2.2 Protection des personnes
Les objectifs de protection de la santé humaine sont « de gérer et de maîtriser les expositions aux rayonnements ionisants de manière à prévenir les réactions tissulaires et à réduire les risques d’effets stochastiques dans la mesure où cela est raisonnablement possible » (ICRP, 2007). La distinction entre les effets stochastiques et les réactions tissulaires (précédemment appelés « effets déterministes ») doit être examinée, en s’appuyant sur les progrès scientifiques réalisés dans la compréhension des effets des rayonnements sur la santé depuis la Publication 103 de la CIPR (ICRP, 2007) (par exemple, ICRP, 2012; Sect. 6.1).
L’objectif de prévenir les réactions tissulaires demeure valable, mais il existe des circonstances spécifiques dans lesquelles celles-ci peuvent être tolérées pour obtenir le bénéfice souhaitable d’une activité particulière. Dans certains cas médicaux, les réactions tissulaires sont un effet secondaire indésirable, mais tolérable, comme dans les traitements susceptibles de sauver la vie d’un patient et nécessitant des doses élevées de rayonnement ionisant. Des jugements similaires s’appliquent à certains aspects de l’exposition professionnelle, notamment en cas d’urgence. Autre exemple : il pourrait être impossible d’explorer l’espace au-delà de la lune sans subir certaines réactions tissulaires. Dans de tels cas, il peut être préférable de prendre des mesures telles qu’un suivi médical renforcé plutôt que d’éviter toute réaction tissulaire.

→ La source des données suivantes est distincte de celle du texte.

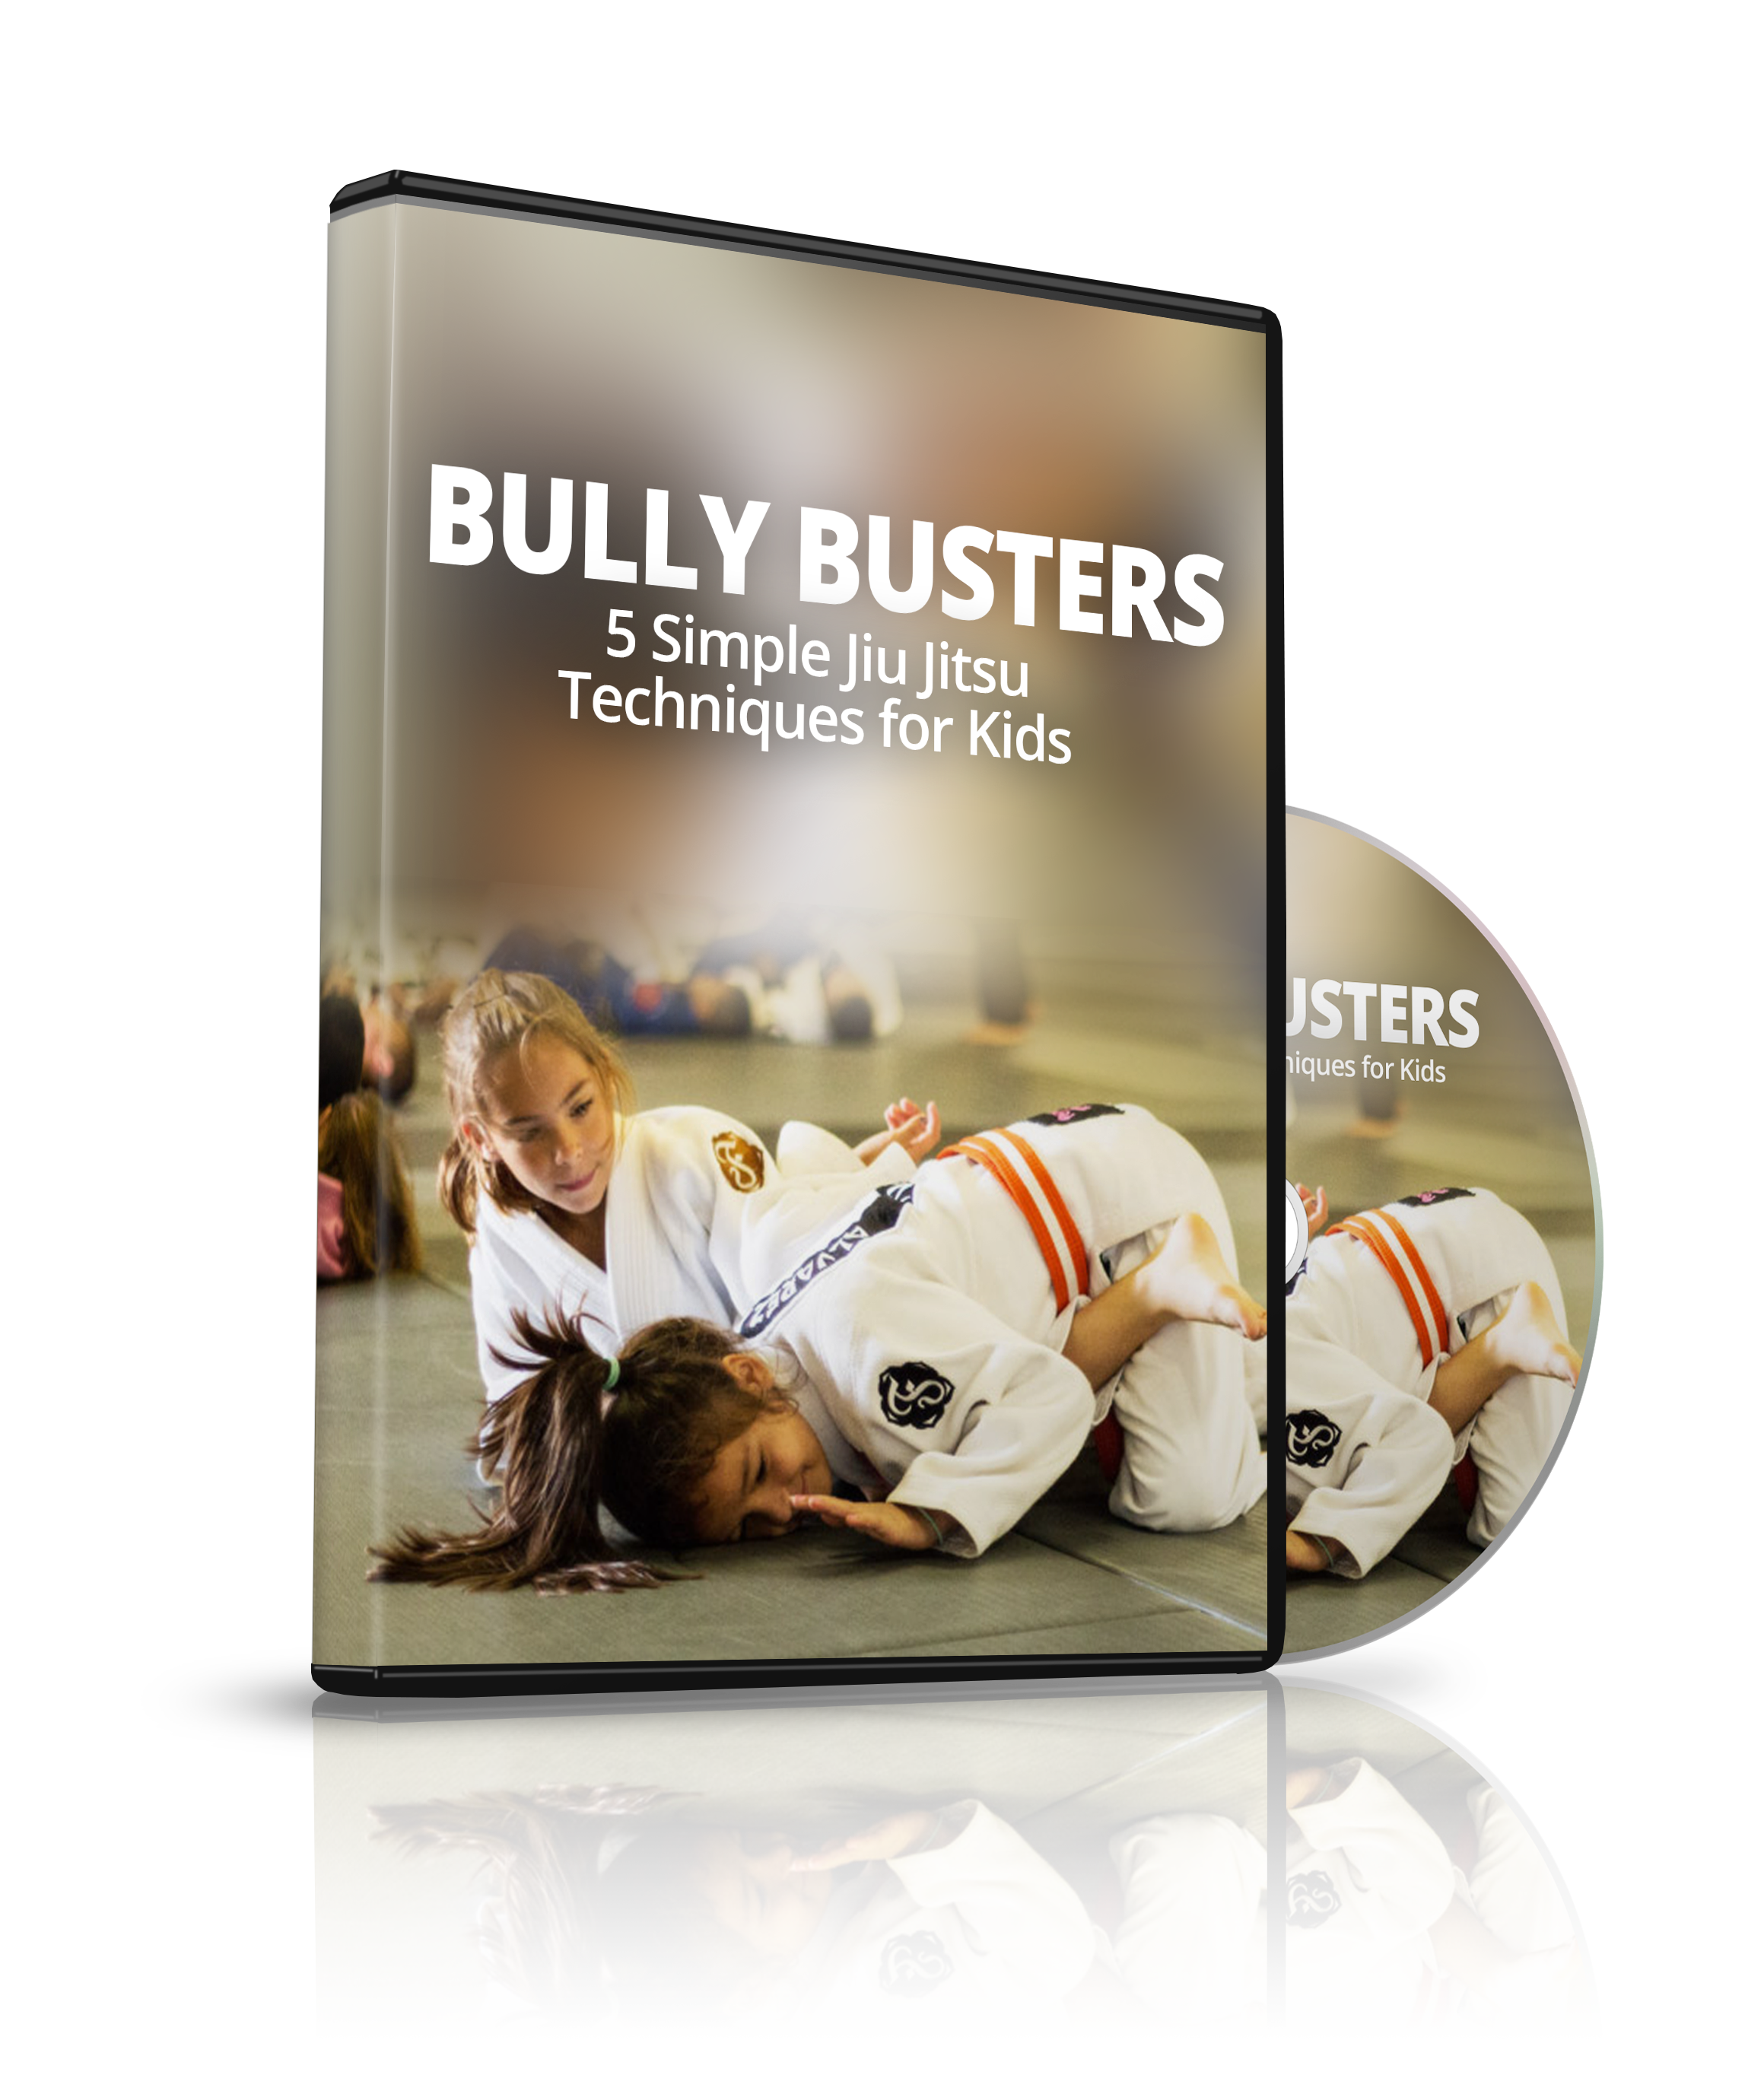 BULLY BUSTERS - 5 Simple Jiu Jitsu Techniques for Kids 3D image

L’impact des effets stochastiques est reflété par le détriment radiologique qui repose sur la somme des risques de plusieurs cancers sur la vie entière, pondérée par la gravité de ces cancers, et intègre la possibilité d’effets héréditaires. Ce concept de détriment radiologique a été élaboré dans la Publication 60 de la CIPR (ICRP, 1991). Il doit être révisé et mis à jour afin de refléter l’évolution des connaissances scientifiques sur les risques et l’avis des experts concernant la létalité, la qualité de vie et les années de vie perdues. En outre, la reconnaissance explicite des différences en matière de détriment en fonction de l’âge au moment de l’exposition et entre les hommes et les femmes pourrait améliorer la clarté de l’application du système, en montrant notamment que les risques pour les jeunes enfants sont supérieurs à ceux pour les adultes, et que les risques pour les personnes âgées sont faibles.

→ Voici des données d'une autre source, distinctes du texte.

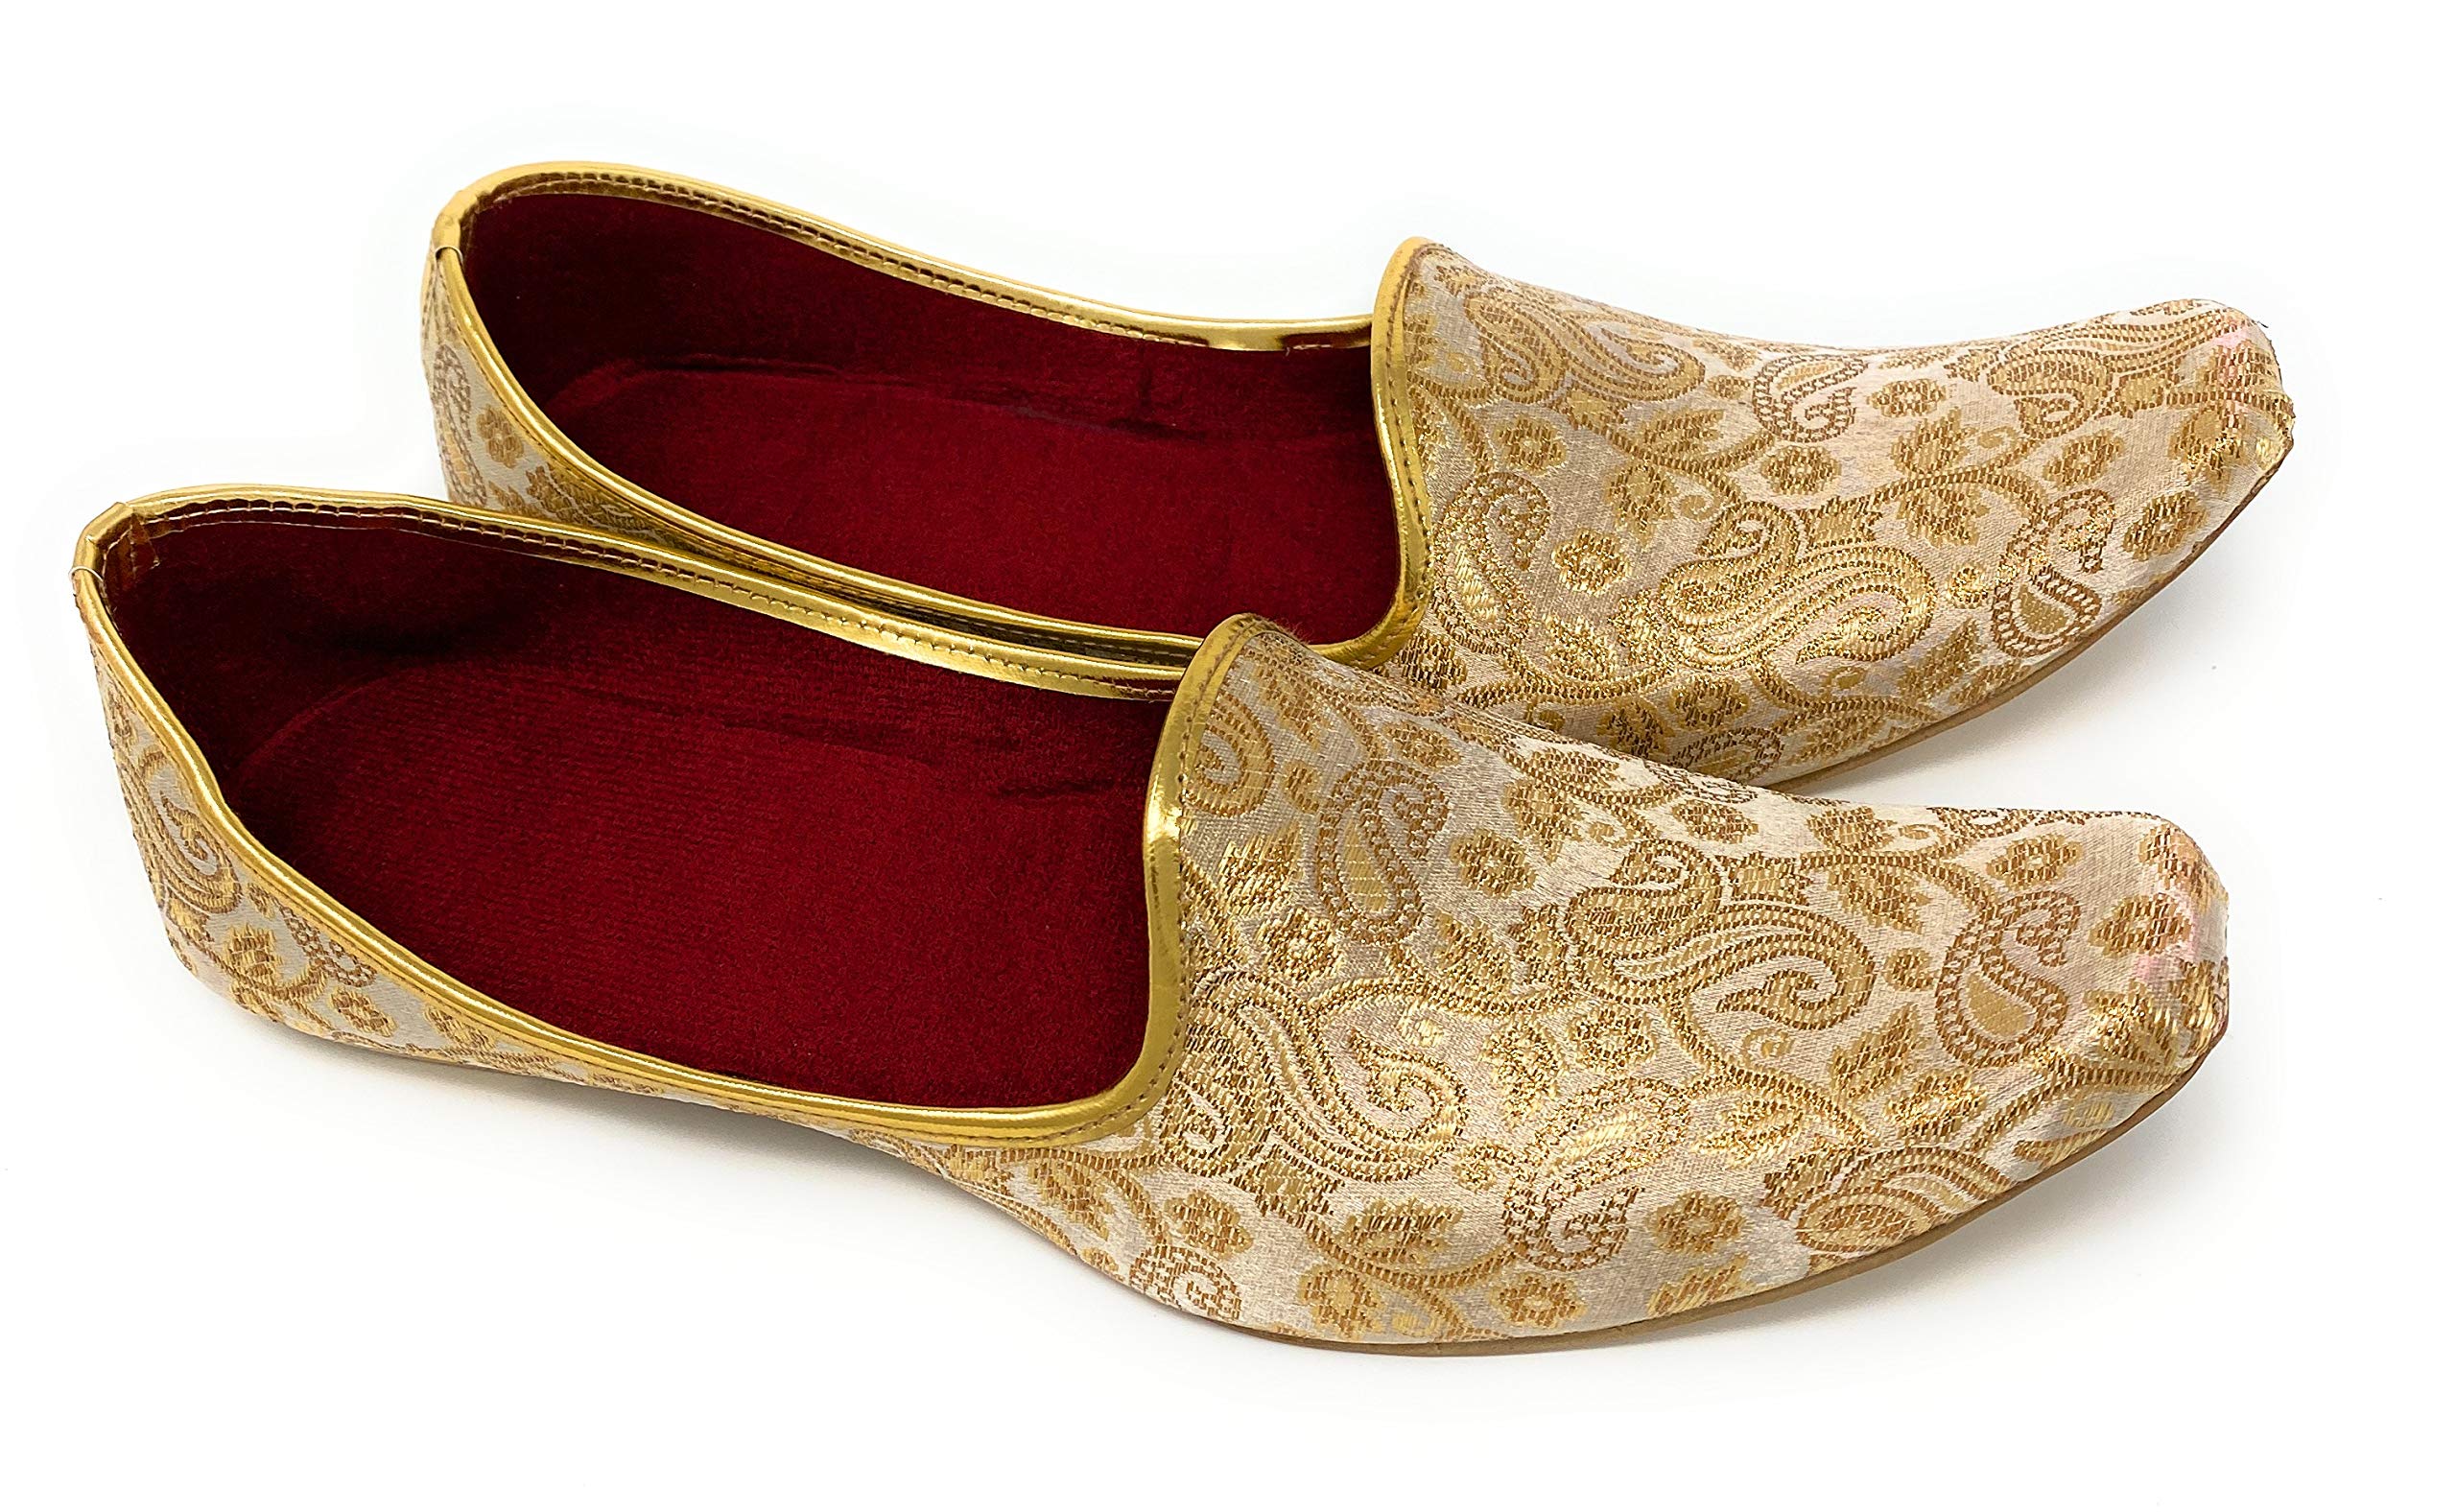 BombayFlow RANVEER Punjabi Jutti Indian Flats Handmade Shoes - Khussa Shoes, Indian Wedding, Sherwani, Kurta, Mojari Shoes

La protection est assurée en utilisant les grandeurs dosimétriques bien établies : dose absorbée et dose équivalente pour les organes et les tissus dans la prévention des réactions tissulaires ; dose efficace dans l’optimisation de la protection contre les effets stochastiques à faibles doses et faibles débits de dose. L’utilisation de ces grandeurs a été présentée dans la Publication 147 de la CIPR (ICRP, 2021a) où les faibles doses correspondent à un rayonnement à faible transfert linéique d’énergie (TLE) < 100 mGy sur les organes et les tissus, et les faibles débits de dose correspondent à un rayonnement < 5 mGy.h−1.
Le système traite principalement des effets sur la santé résultant directement de l’exposition aux rayonnements, tels que le cancer et les réactions tissulaires. Il convient également d’examiner comment traduire dans les objectifs de santé humaine la définition de la santé fournie par l’Organisation mondiale de la santé (OMS), à savoir « un état de complet bien-être physique, mental et social, et non pas seulement l’absence de maladie ou d’infirmité » (WHO, 1946).
2.3 Protection de l’environnement et du biote non humain
La Publication 103 de la CIPR (ICRP, 2007) indique que l’objectif de la protection est « …« de prévenir ou de réduire la fréquence des effets délétères du rayonnement à un niveau tel qu’ils n’auraient qu’un impact négligeable sur la préservation de la diversité biologique, la conservation des espèces, ou la santé et l’état des habitats naturels, des communautés et des écosystèmes… ». Cependant, au moment où la Publication 103 de la CIPR a été élaborée, les travaux de la CIPR sur la protection de l’environnement n’en étaient qu’à leurs débuts. Par conséquent, la Publication 103 de la CIPR ne comporte que cet objectif et quelques éléments à prendre en compte pour la protection de l’environnement.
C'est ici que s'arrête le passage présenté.